Arvind Kumar Avinash · Accepted Answer · 2020-11-28 09:47:10Z

Check the following lines from the documentation of String#split:

When there is a positive-width match at the beginning of this string then an empty leading substring is included at the beginning of the resulting array. A zero-width match at the beginning however never produces such empty leading substring.

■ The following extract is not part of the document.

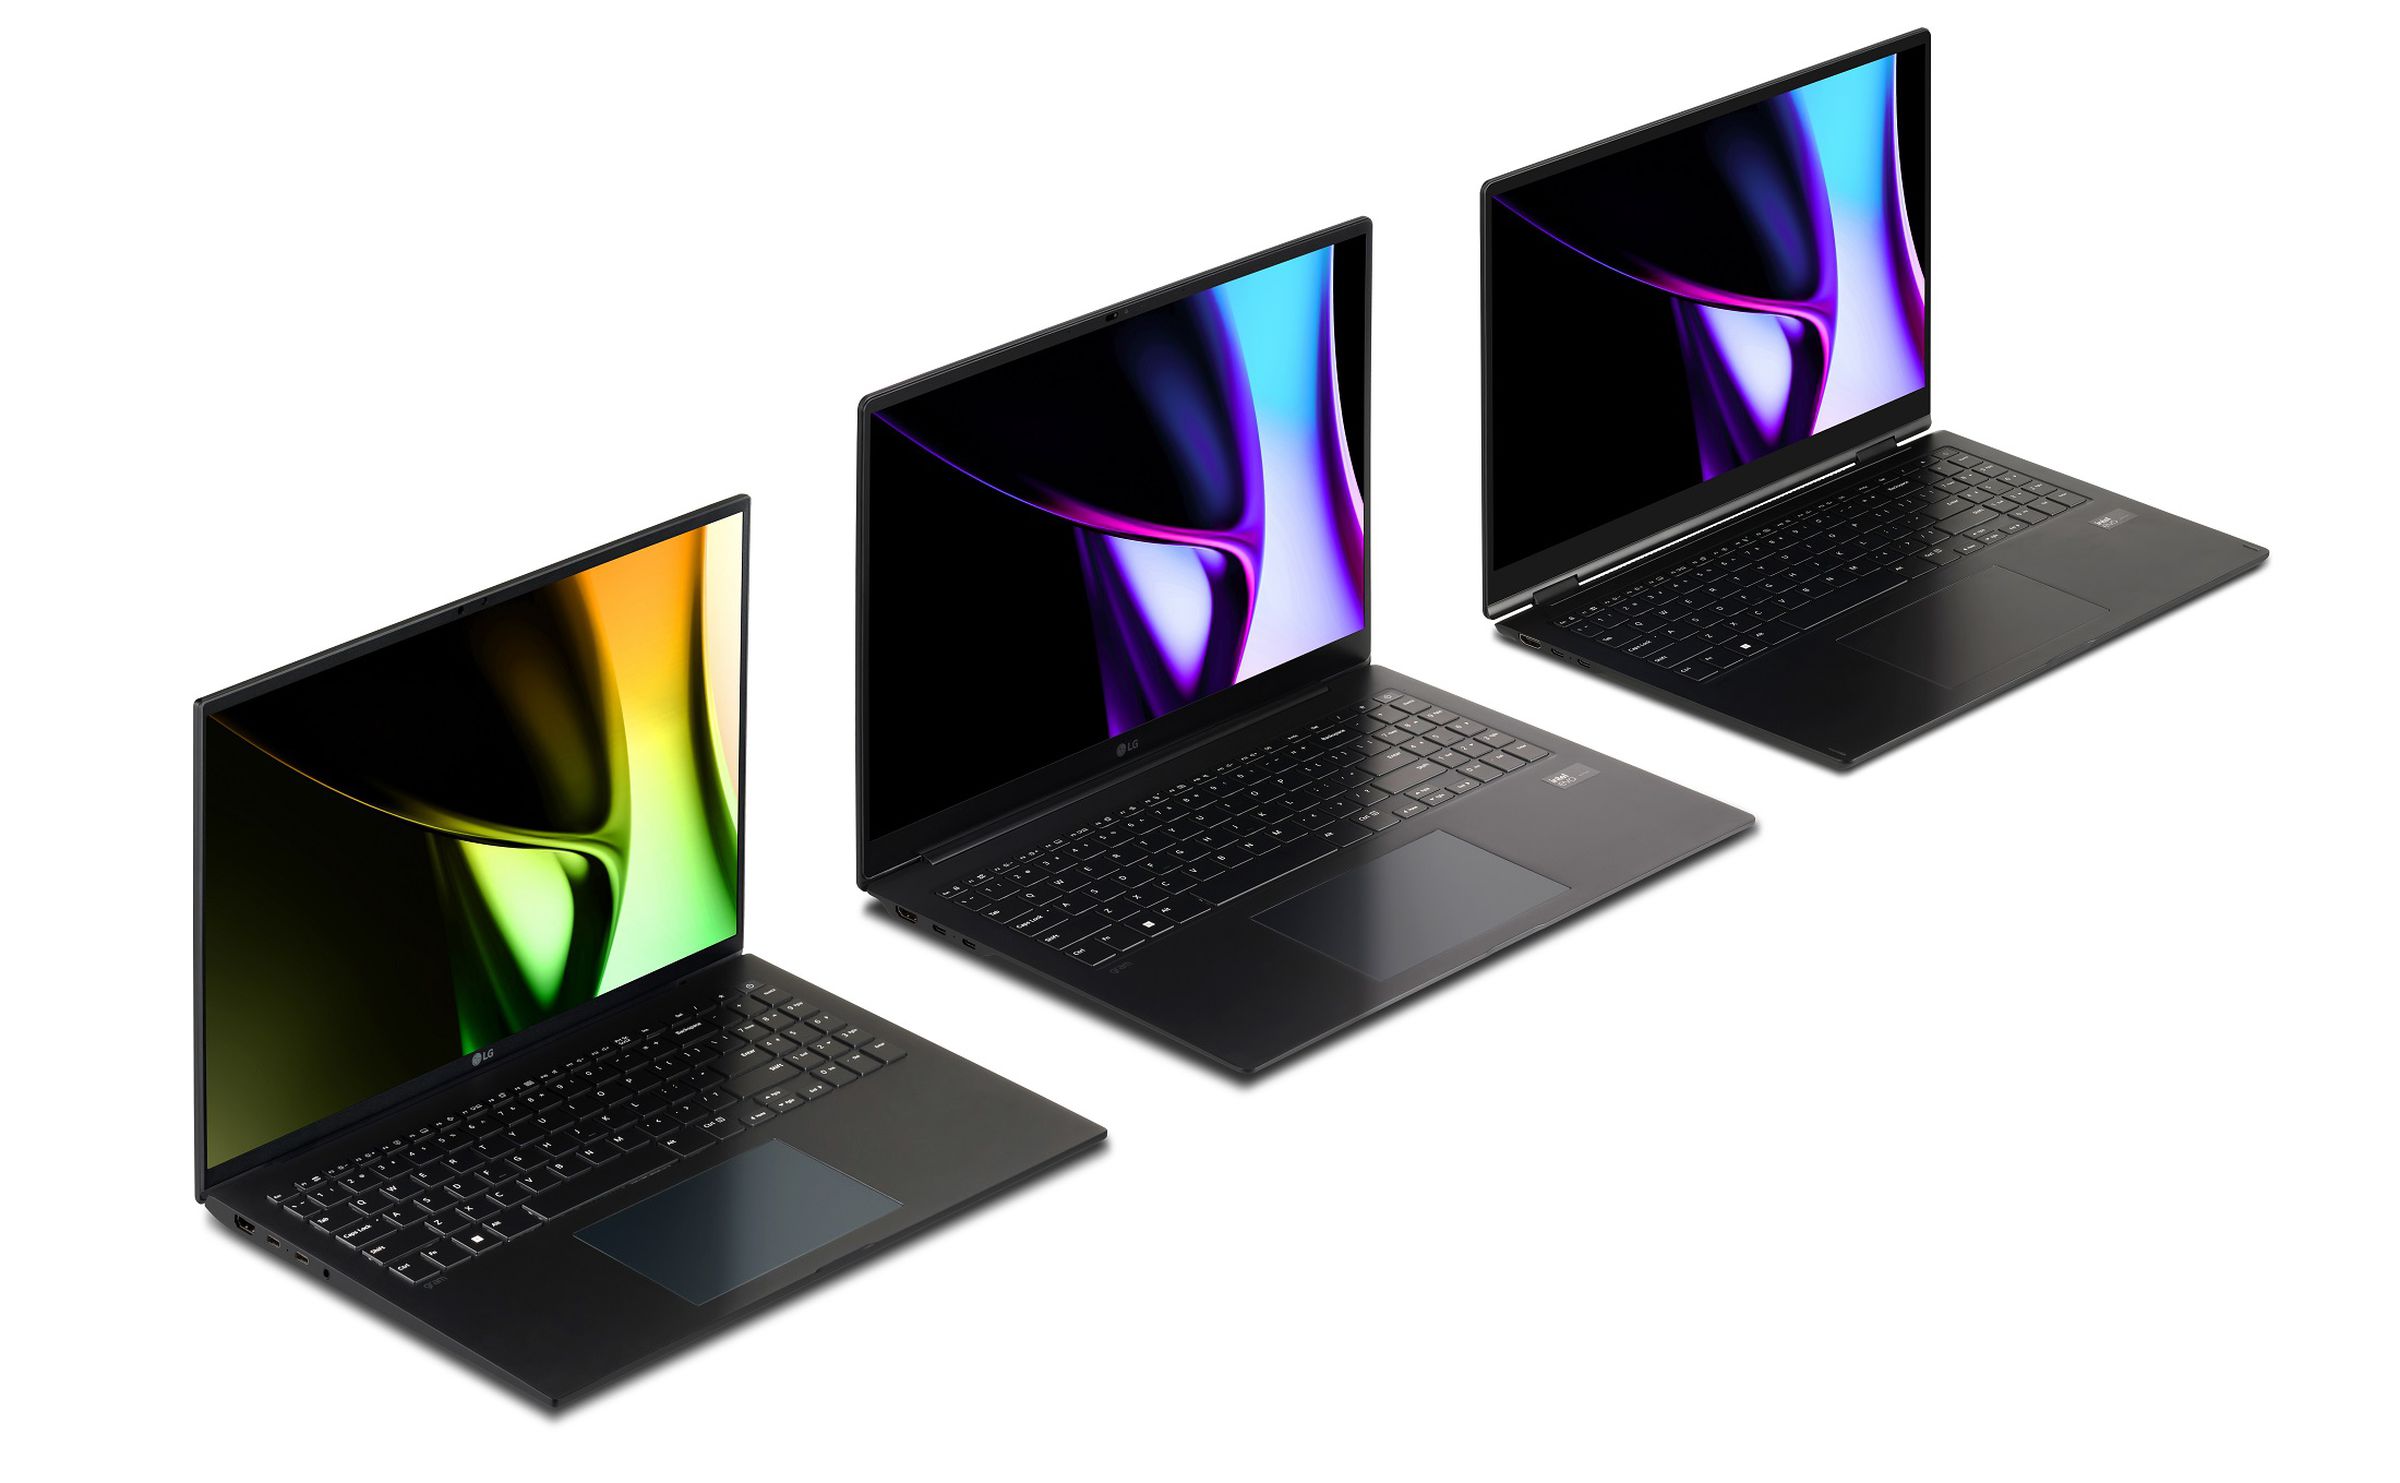 Three laptops on a white background

You can confirm it by printing the resulting array. An empty string can not be parsed into an int. A workaround is to ignore the strings which can not be parsed into an int.

public class Main {
    public static void main(String[] args) {
        // Tests
        System.out.println(sumNumbers("abc123xyz"));
        System.out.println(sumNumbers("12cd43ad"));
    }

    public static int sumNumbers(String str) {
        int sum = 0;

        String[] numArr = str.split("\\D+");
        //System.out.println(Arrays.toString(numArr));
        for (String num : numArr) {
            try {
                sum += Integer.parseInt(num);
            } catch (NumberFormatException e) {
                // Ignore the strings which can not be parsed into int
            }
        }

        return sum;
    }
}

Output:

123
55

DonTomato · Accepted Answer · 2020-11-28 09:36:28Z

0

You are splitting on the non-digits, unless the first character is a digit you're going to get a blank string, because it's the correct behavior according to the java doc https://docs.oracle.com/javase/8/docs/api/java/lang/String.html#split-java.lang.String-int-

Your function works fine on strings with digits as first characters.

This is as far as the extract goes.